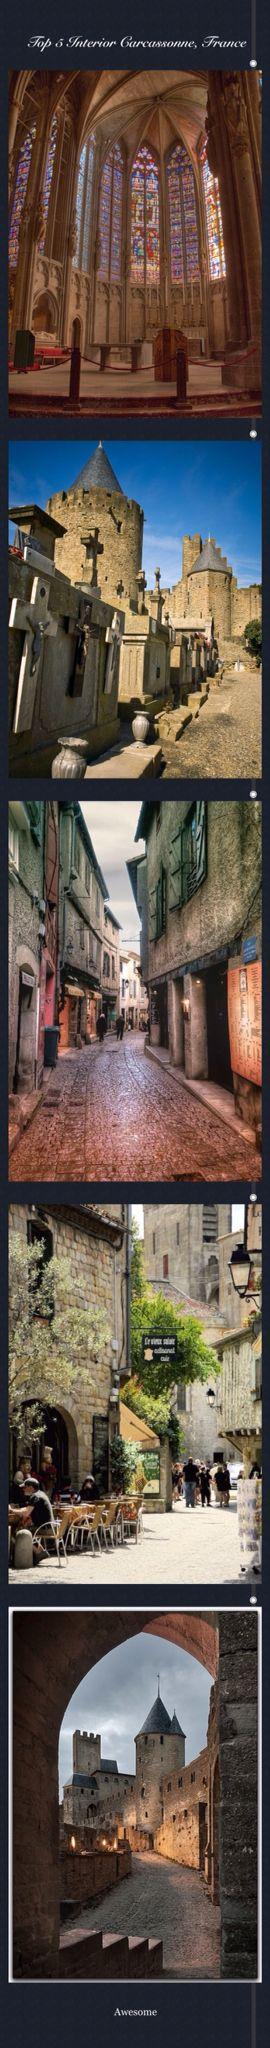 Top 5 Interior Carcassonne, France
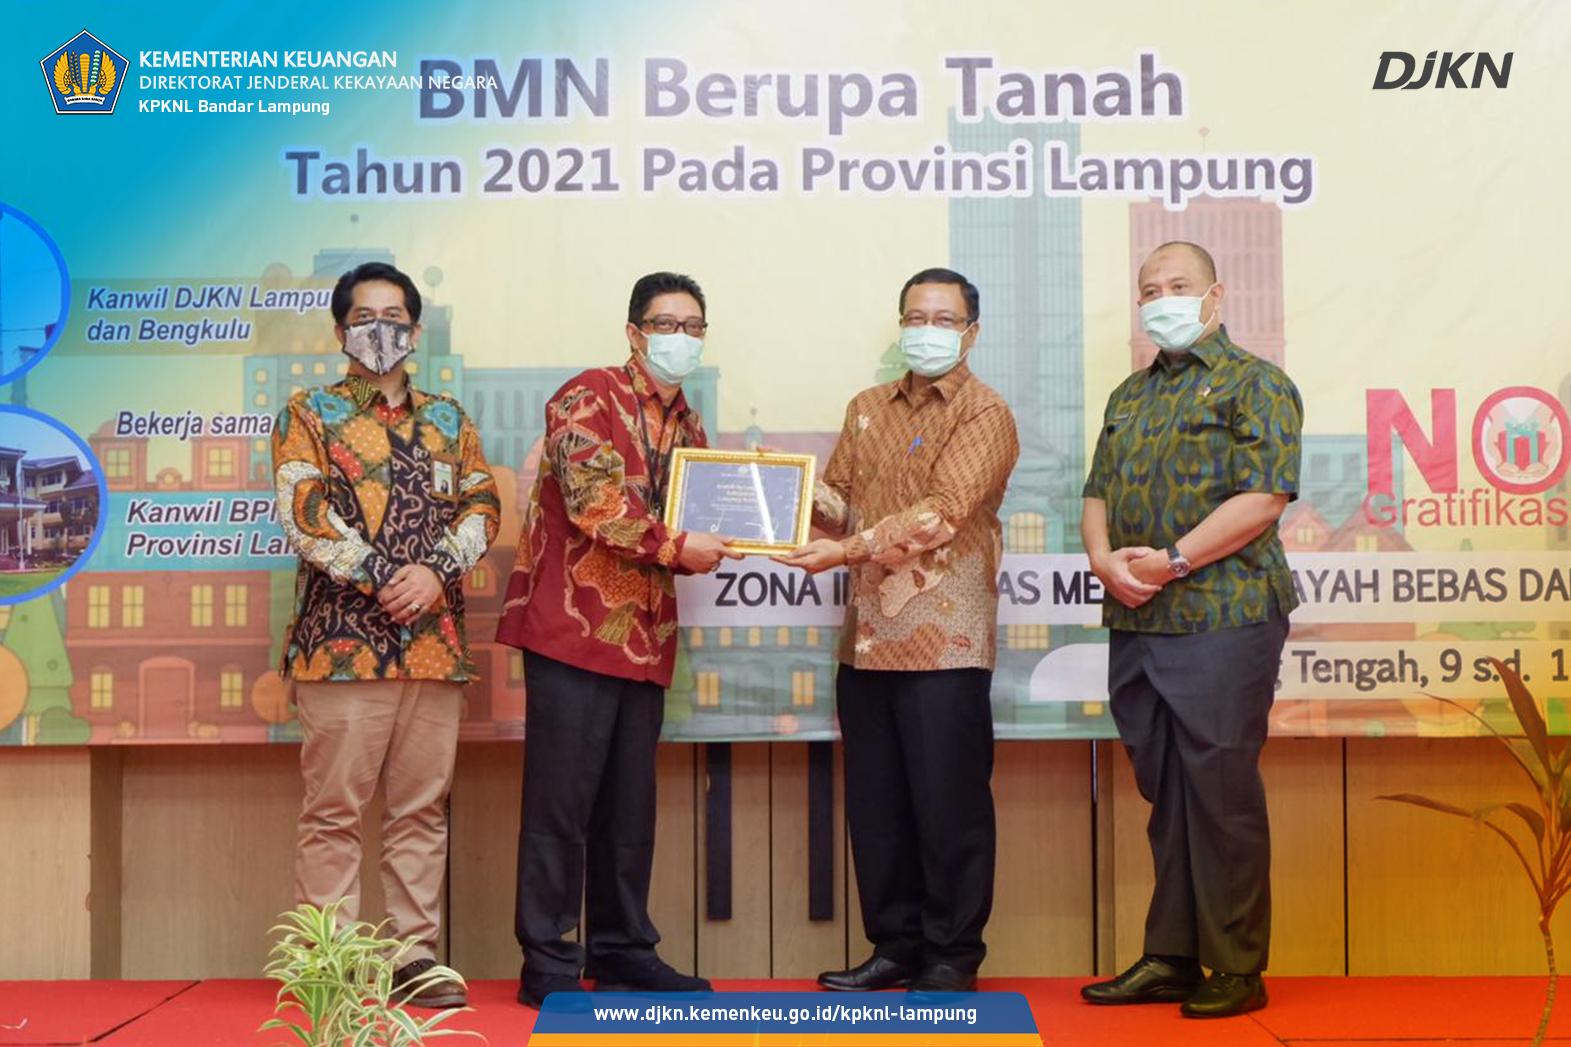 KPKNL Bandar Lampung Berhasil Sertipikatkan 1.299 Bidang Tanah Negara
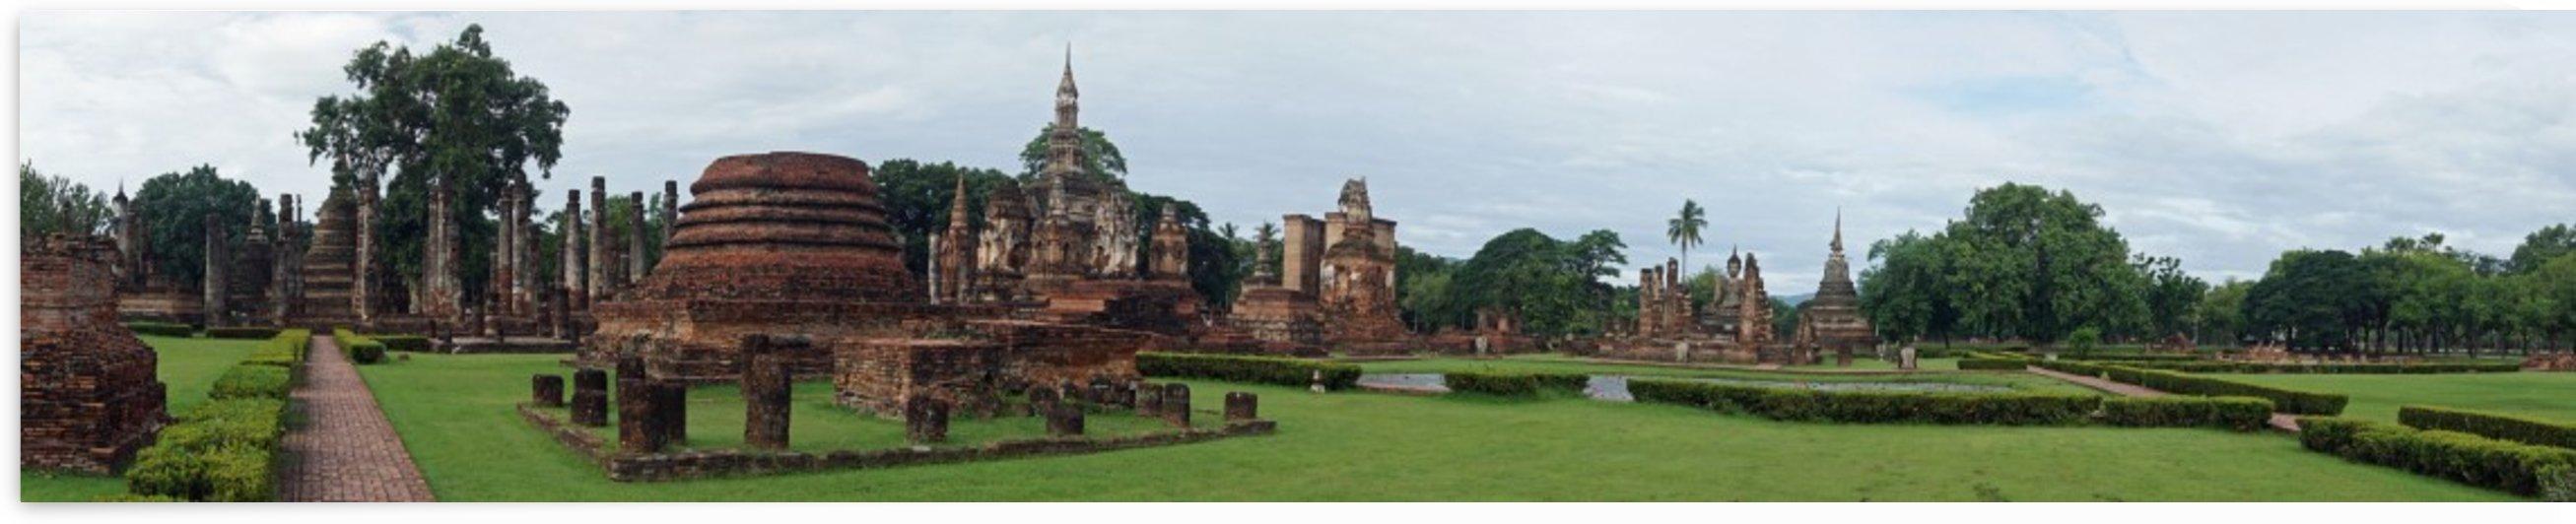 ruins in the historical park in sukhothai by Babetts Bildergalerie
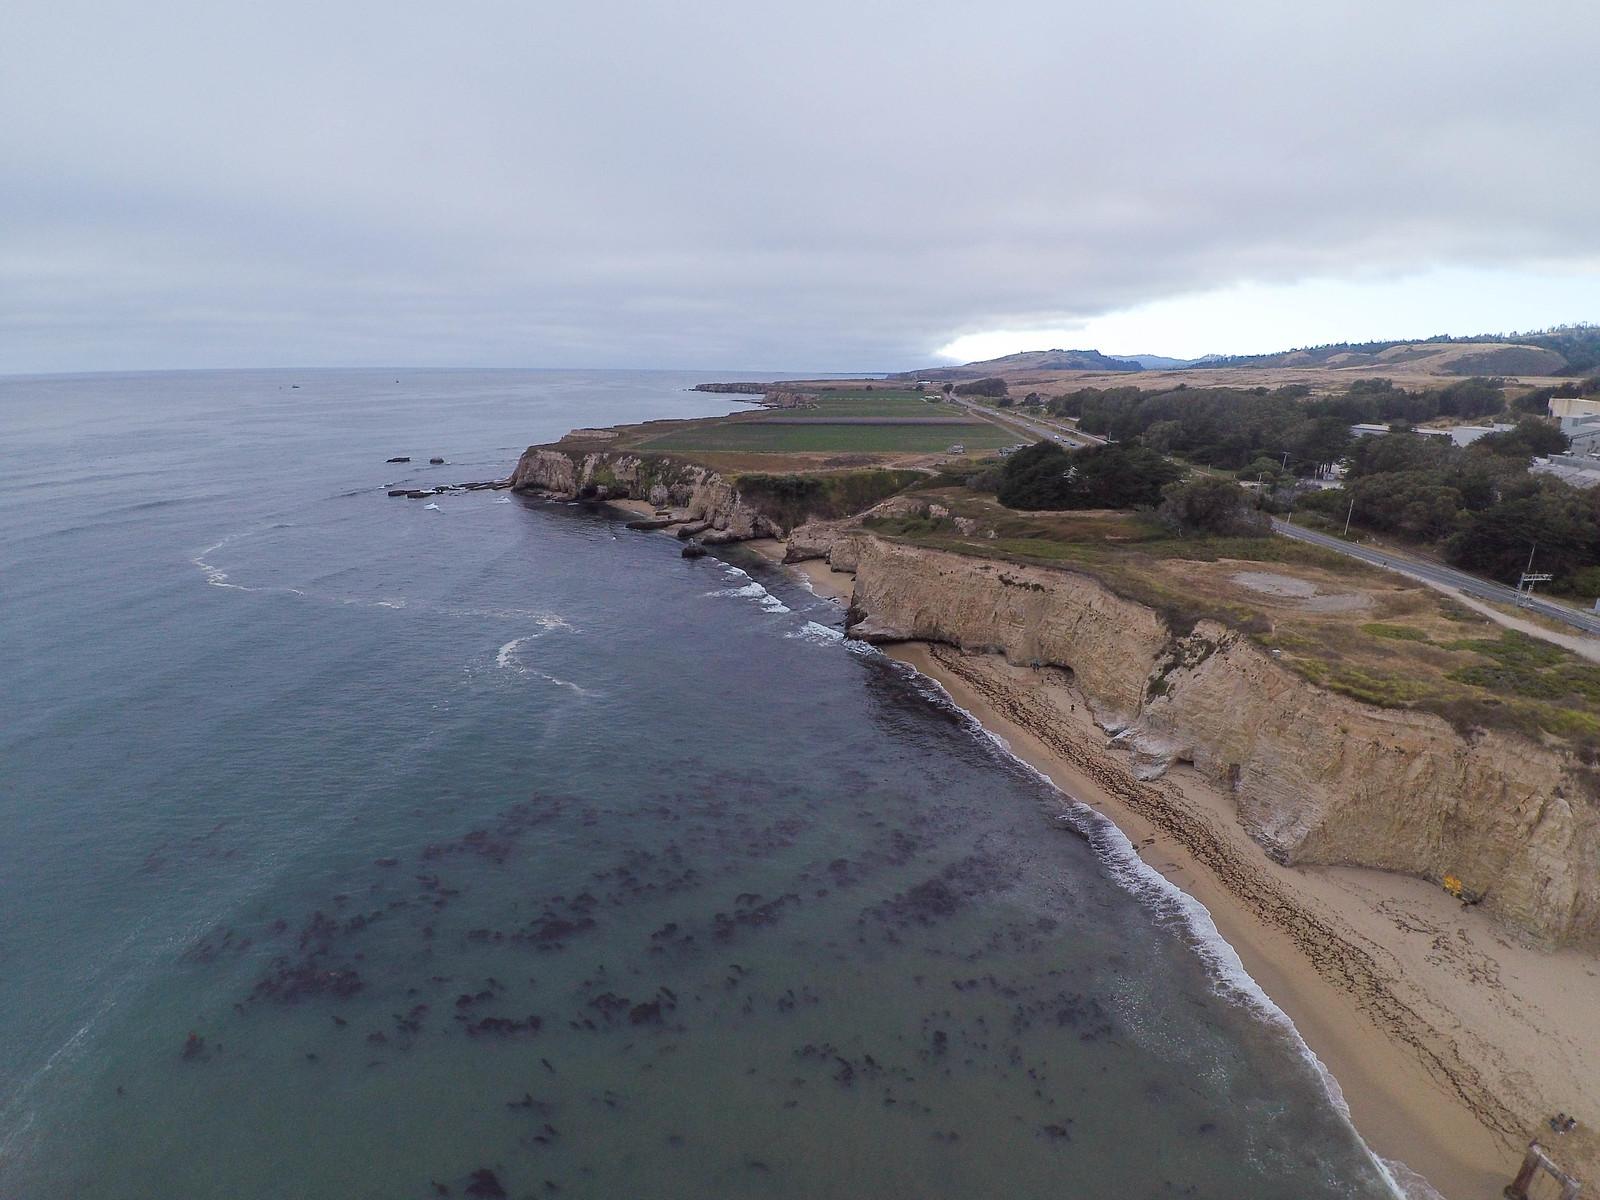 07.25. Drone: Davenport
____________
What you should do: Excluding the pictures, retype the line containing "KPKNL Bandar Lampung" and all lines after it down to the end of the data above.

Written answer:
 KPKNL Bandar Lampung Berhasil Sertipikatkan 1.299 Bidang Tanah Negara
 ruins in the historical park in sukhothai by Babetts Bildergalerie
 07.25. Drone: Davenport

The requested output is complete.